Urban World: The Shifting Global Business Landscape - McKinsey Global Institute, Richard Dobbs, Jaana Remes, Sven Smit, James Manyika, Jonathan Woetzel & Yaw Agyenim-Boateng

Urban World: The Shifting Global Business Landscape

By McKinsey Global Institute, Richard Dobbs, Jaana Remes, Sven Smit, James Manyika, Jonathan Woetzel & Yaw Agyenim-Boateng

  • Release Date: 2013-10-03
  • Genre: Economics

Description

Emerging markets are changing where and how the world does business. For the last three decades, they have been a source of low-cost but increasingly skilled labor. Their fast-growing cities are filled with millions of new and increasingly prosperous consumers, who provide a new growth market for global corporations at a time when much of the developed world faces slower growth as a result of aging. But the number of large companies from the emerging world will rise, as well. This powerful wave of new companies could profoundly alter long-established competitive dynamics around the world. 

The emerging economies’ share of Fortune Global 500 companies will probably jump to more than 45 percent by 2025, up from just 5 percent in 2000. That’s because while three-quarters of the world’s 8,000 companies with annual revenue of $1 billion or more are today based in developed economies, we forecast that an additional 7,000 could reach that size in little more than a decade—and 70 percent of them will most likely come from emerging markets. 

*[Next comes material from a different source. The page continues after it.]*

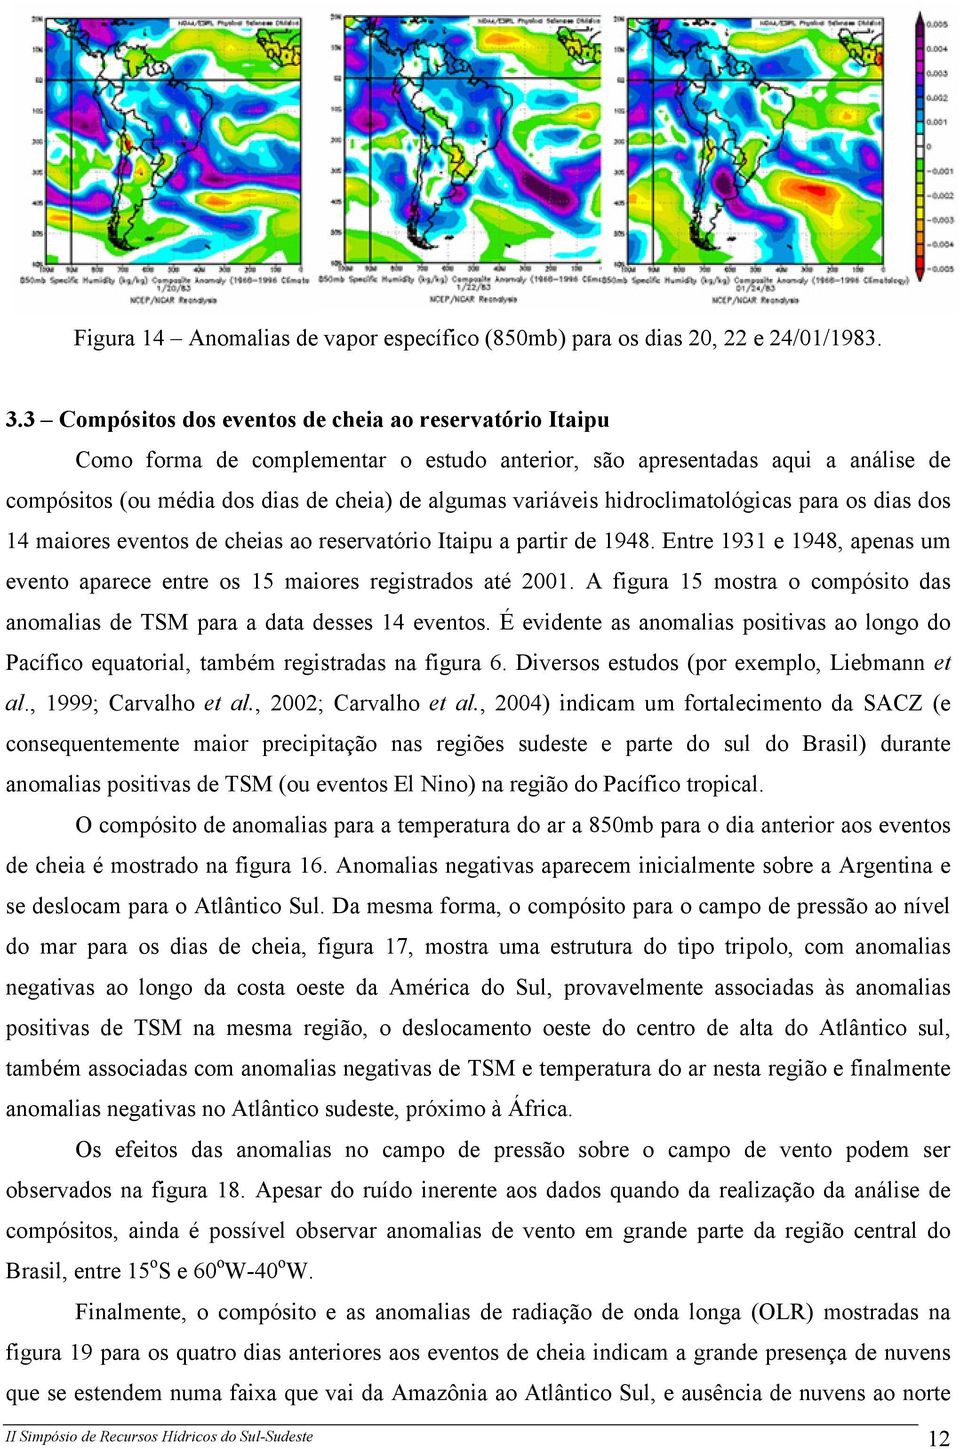 hidroclimatológicas para os dias dos 14 maiores eventos de cheias ao reservatório Itaipu a partir de 1948. Entre 1931 e 1948, apenas um evento aparece entre os 15 maiores registrados até 2001.

The rebalancing of the global business landscape will probably be even faster and more dramatic than the shift of economic growth to emerging regions. Large companies matter, and not just for their ability to create jobs and generate higher incomes; they are also forces for increased productivity, innovation, standard setting, and the dissemination of skills and technology. Their geographic shift will have profound implications for the nature of competition, including not only the race for resources and talent but also, more broadly, the emerging markets’ efforts to reach the next level of economic development and prosperity.